One approach, doctors say, is to reduce antibiotic use in both humans and animals -- essentially using them only to treat disease, rather than for disease prevention. Slaughter, who is also the only microbiologist in Congress, has in recent years introduced legislation that would regulate antibiotic use in animal feed. So far, this bill has not passed into law.
"There is now general recognition that antibiotics merely for livestock growth improvement has significant implications for public health safety," says Dr. Paul Auwaerter, an infectious disease specialist and professor of medicine at Johns Hopkins Hospital.
Proponents of feeding antibiotics to healthy livestock argue, however, that the process is necessary to ensure animal health and to maintain efficiency. Eliminating antibiotics from feed would decrease the number of animals meat producers can raise, and so increase meat prices.

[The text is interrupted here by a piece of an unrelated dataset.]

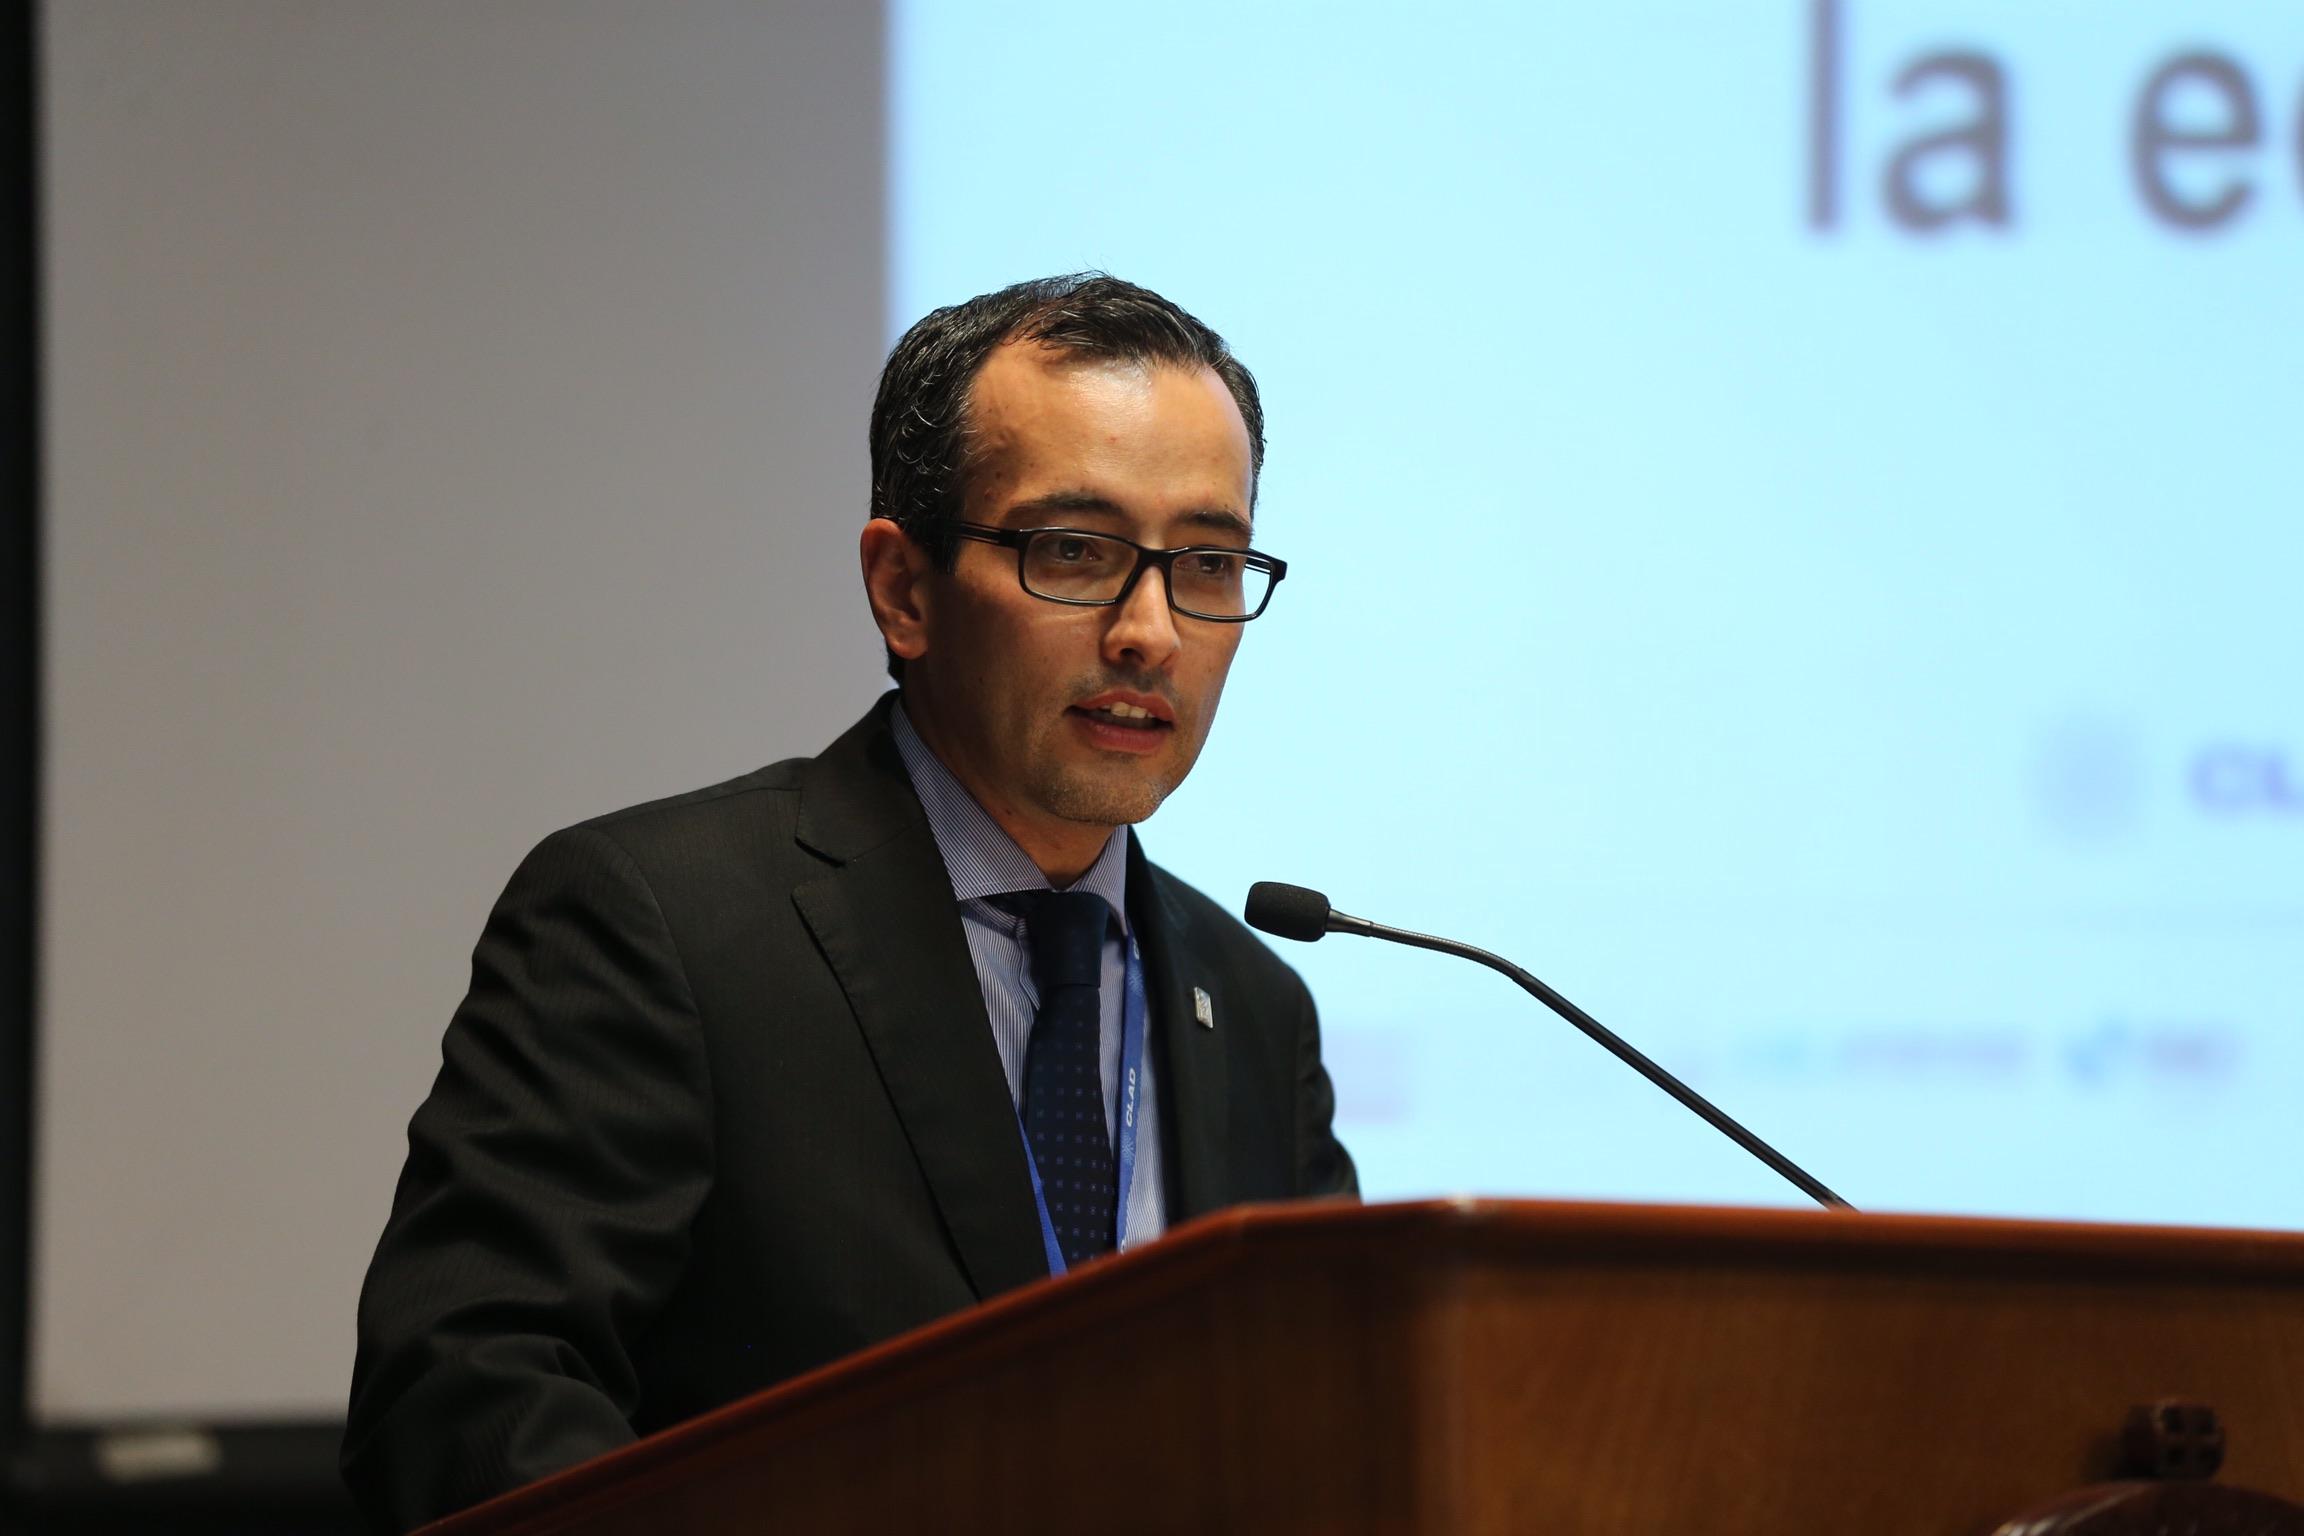 Coordinador General de Cooperación e Internacionalización (CGTI), de la Universidad de Guadalajara (UdeG), doctor Carlos Iván Moreno, haciendo uso de la palabra

Data from the National Research Council estimates that a ban on antibiotic use in animal feed would cost a family of four an additional 34 to 75 cents per week for meat. Critics, on the other hand, cite the total cost to U.S. households from superbug infections. According to a news release from the advocacy group Alliance for the Prudent Use of Antibiotics, these costs amount to $35 billion when factoring in lost wages, hospital stays and premature deaths nationwide.
Livestock farmers Maria and Ron Rosmann of Harlan, Iowa, also attended the Supermoms roundtable. They agree that it is time for a change in the industry.
"I feel very guilty about deaths resulting from this," Ron Rosmann says. "It shouldn't be. It doesn't have to be. If producers would change their production so that animals had more space and room to go outside, that would make a big difference."
"We have cheap meat in the U.S.," Maria Rosmann says. "The fear that is put into the consumer of how it will affect their pocketbooks is very real, but there is no fear put into the consumer's mind about what you are feeding your family."
Macario says there is a solution to the problem of increased antibiotic resistance. "I want to make sure that people don't shut down or feel like the world is going to end. Not all issues are solvable, but this one is."